Question: How has technology changed cooking in the last 50 years?
Jacques Pelin: Well technology certainly has changed a great deal of the cooking. And it’s changing maybe even more so now. There is good and there is bad. Certainly things like the food processor, saran wrap and plastic . . . or rubber spatula are, for me, great innovation of the last 30 years. But it is like this, you know. We always manipulate food. And our ancestors, you know, didn’t have anything to eat. And what we call wheat now was actually a wild . . . a wild weed which through cross-breeding, and changing, and manipulation we end up now with this. I mean not that long ago when I was a child, you could not eat string beans. _________ on one side, and the other side which I tried to do . . . And I had to do a couple of _________ or whatever it was that my mother wanted me to do. My brother and I tried to cut the end of it with a scissor, too, which of course those beans were absolutely uneatable.
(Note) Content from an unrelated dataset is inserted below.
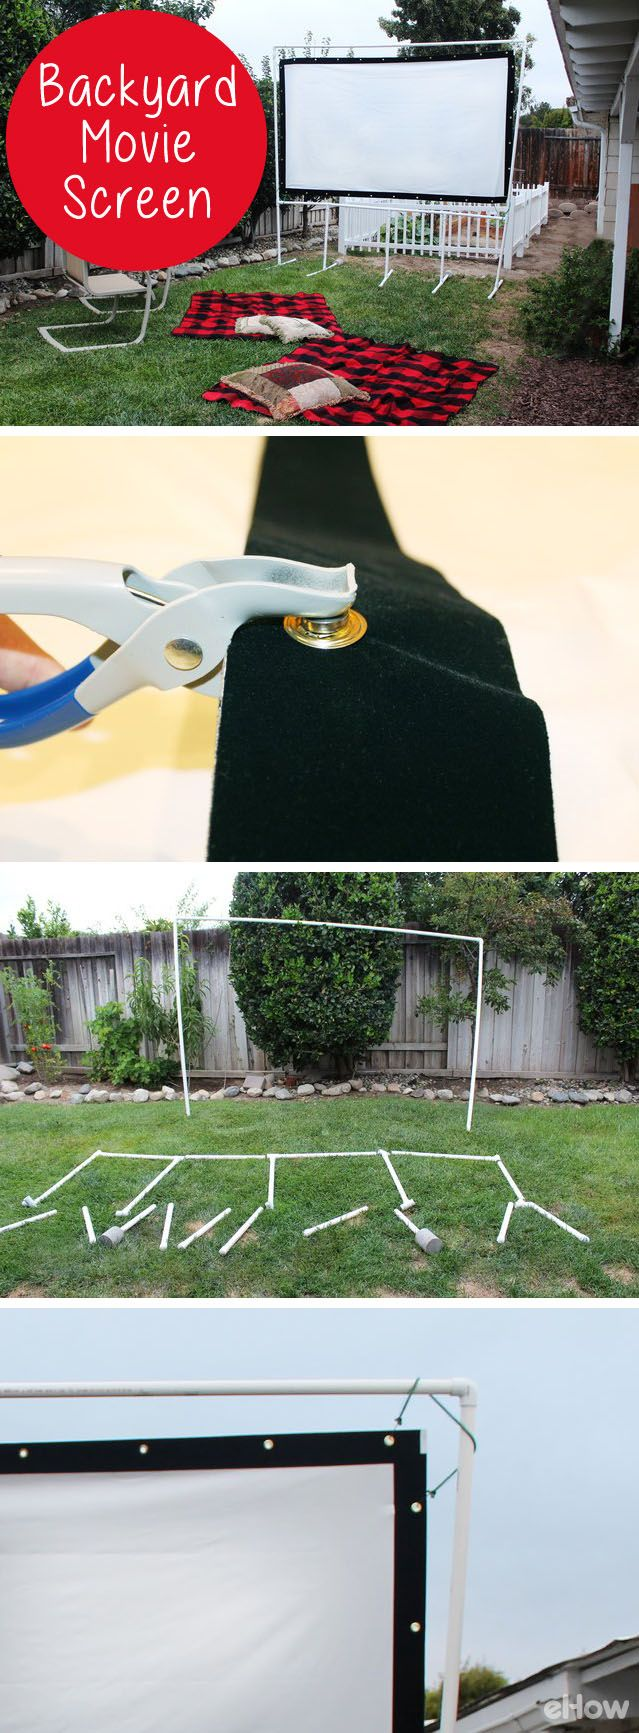 how to make a backyard movie screen backyard movie screen

So now there have always been some manipulation to make it better without the string; or to make the animal fatter, or not as fat, or more tender, or this and that. So those manipulations have existed all the time. Now bio-engineered food is something else, you know, that we get into other areas which have to be controlled. I am not, by definition, opposed to anything. Because I think to feed the world we need that type of improvement. But it has to be extremely controlled, you know? But without any question, if you can do an egg which tastes like an egg for me – as good as an egg – and it has half the amount of cholesterol, why not? You know if you can have a tomato, that because of some manipulation, doesn’t need to be sprayed with an insecticide or pesticide or anything, being resistant to this, why not? That may be a plus. But as I say you have to do that with circumspection. You really have to control it.
Recorded on: 09/04/2007
Learning how to cook starts with a glass of wine.